Елизавета Кешишева
«Вишневый сад» Джорджо Стрелера
Бытует мнение, что любые попытки запечатлеть театральную материю обречены. Что театр на пленке лишен сценического воздуха, неудобен для восприятия. Но что важнее всего - это уже другое искусство, обладающее своими законами восприятия. Однако, именно это «другое искусство» открывает для современного зрителя возможность соприкоснуться с театральными шедеврами прошедших лет. К таким значимым произведениям мировой сцены относится «Вишневый сад» Джорджо Стрелера. Мы имеем дело с телевизионной версией спектакля, бережно переводящей настроение постановки, её ритм, акценты, на язык кино. Поэтому, оценивать телеверсию как самостоятельное произведение не вполне справедливо, при очевидных её художественных качествах.
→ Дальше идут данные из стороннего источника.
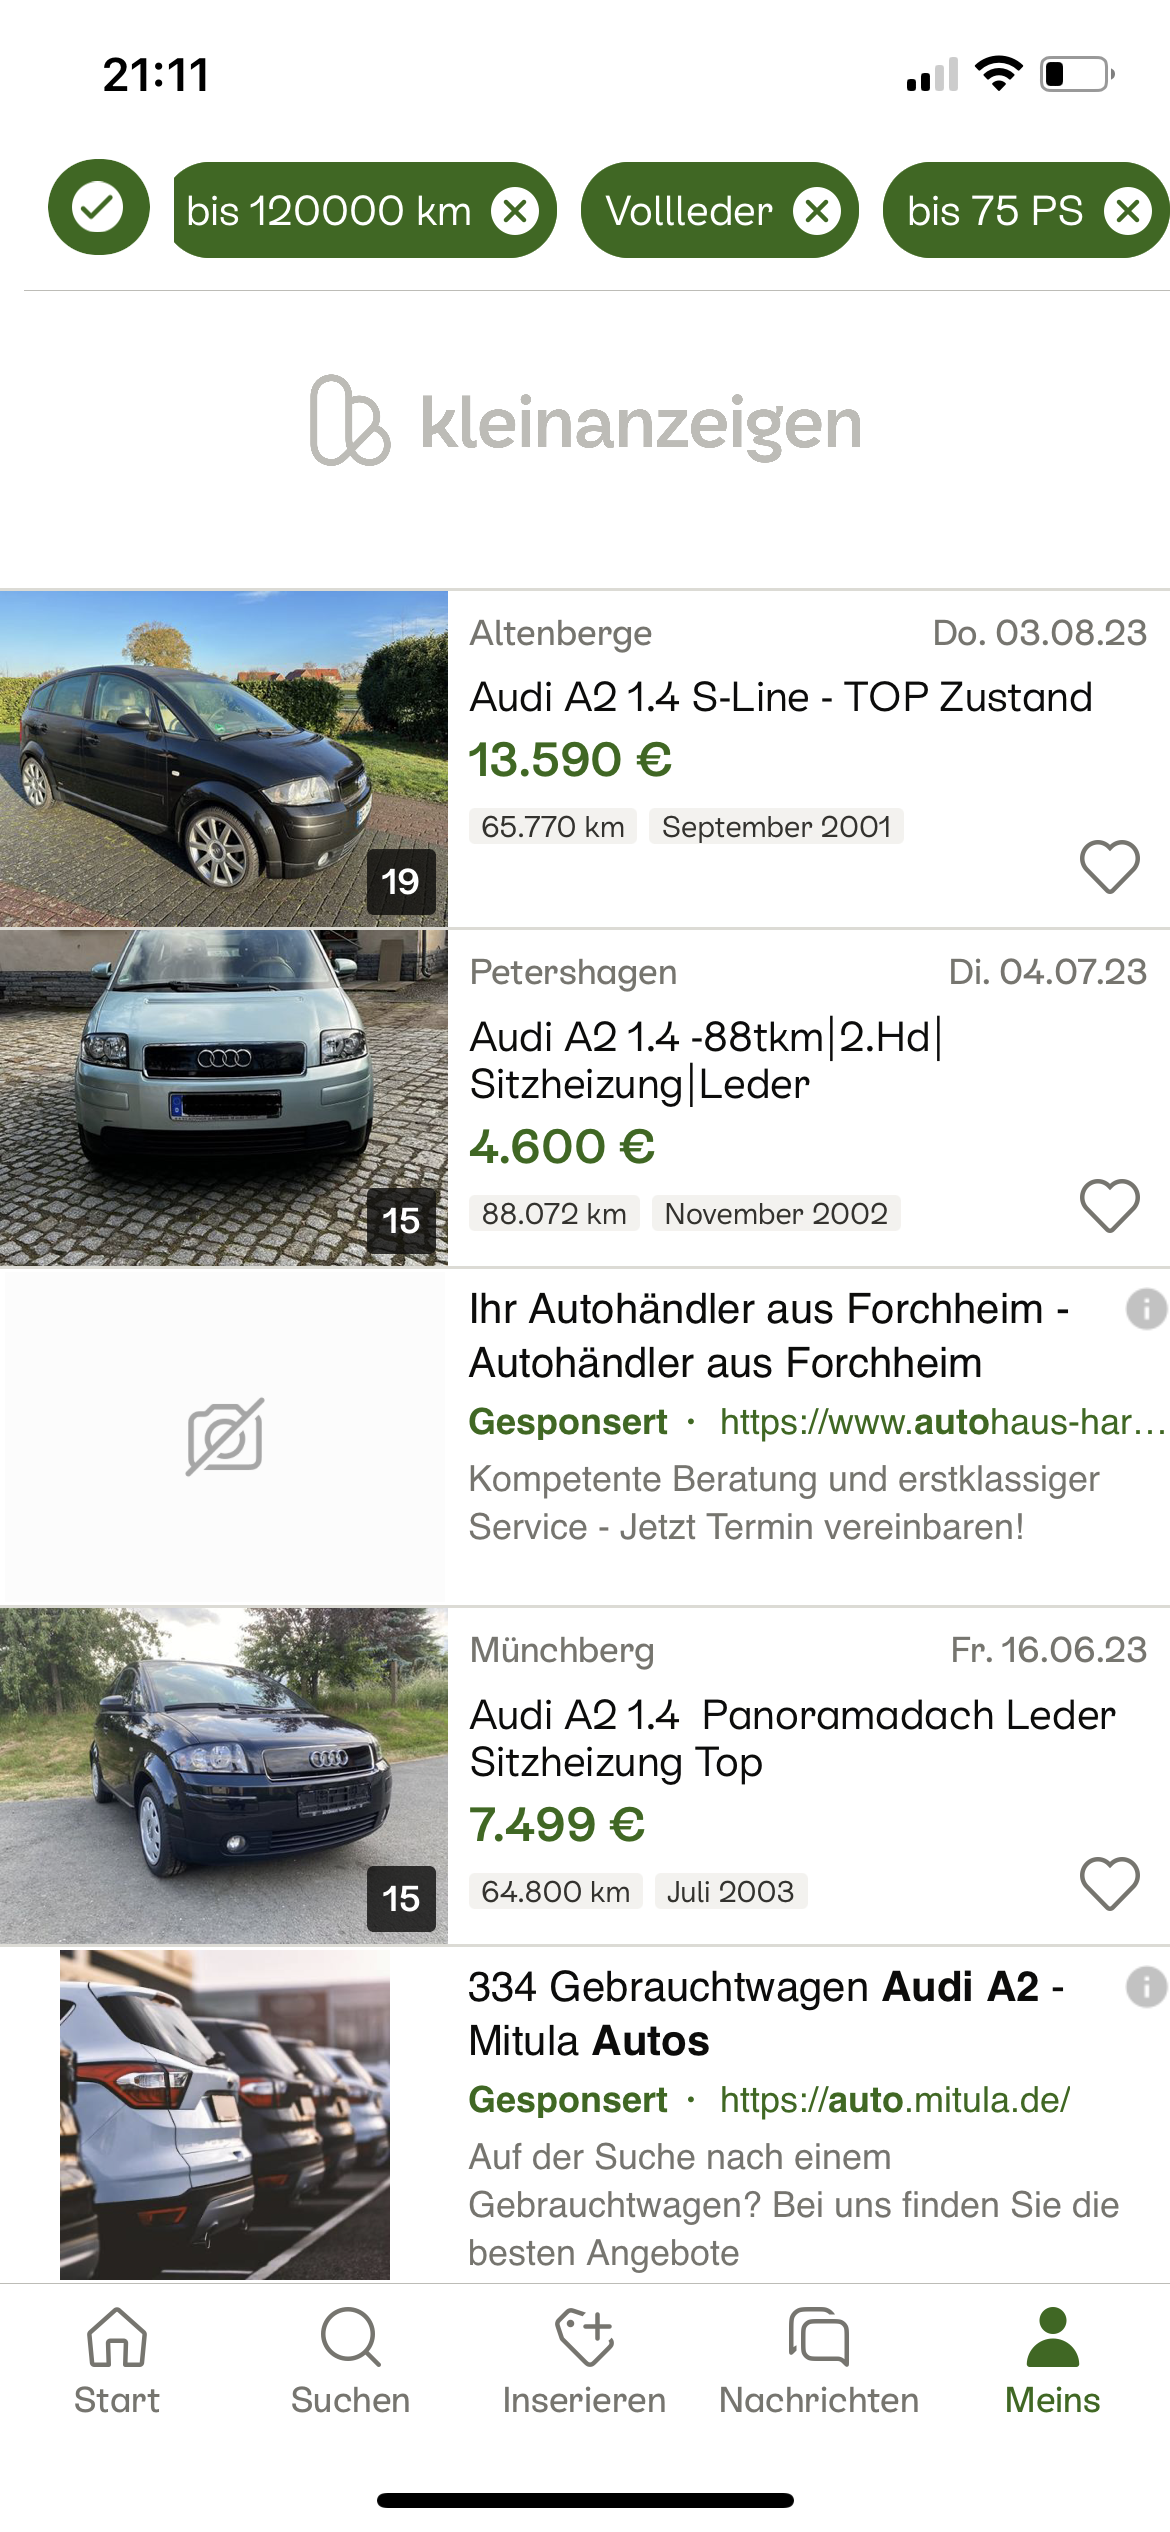 Hier wird ein A2 verkauft - könnte ja interessant sein - Seite 194 -  Verbraucherberatung - Audi A2 Club Deutschland

Итак, спектакль Пикколо театро ди Милано. 1974 год.
Джорджо Стрелер поставил несовершенный спектакль. Несовершенный как несовершённый. Он прочитал текст Чехова для сцены так, будто прочитал ноты музыки импрессионистов для оркестра. Вместе с художником Лучано Домиани режиссер погружает героев пьесы в условное белое простанство, лишенное контрастов, конфликтов. Даже на визуальном уровне здесь нет столкновений: музыка Стрелера - это музыка пауз и умолчаний. В этом спектакль соприроден пьесе с её мягко очерченными характерами, обстоятельствами, дозревающими в воображении читателя.
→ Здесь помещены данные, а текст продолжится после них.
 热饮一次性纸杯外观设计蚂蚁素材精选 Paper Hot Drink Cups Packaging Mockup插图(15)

Эстетический закон спектакля определен решением образа вишневого сада. Облако из тюля, колеблемое над персонажами, это скорее метафизический знак сада, выводящий всё действие на некий внесюжетный уровень. Оставляя канву произведения нетронутой, Стрелер воплощает на сцене сразу несколько пластов чеховского текста. Наряду с бытовым существованием актеров в пространстве здесь, можно сказать, полнокровно живут иные сущности: воспоминания, страхи. Иногда они обретают физическое воплощение, например в виде обрушившихся на героев памятных предметов из прошлого. Так Стрелер находит сценический синоним чеховскому олицетворению «многоуважаемого шкафа», на секунду по-настоящему ожившего и исторгающего из себя символы пыльной старины. В этом есть нота режиссерской иронии над героями пьесы.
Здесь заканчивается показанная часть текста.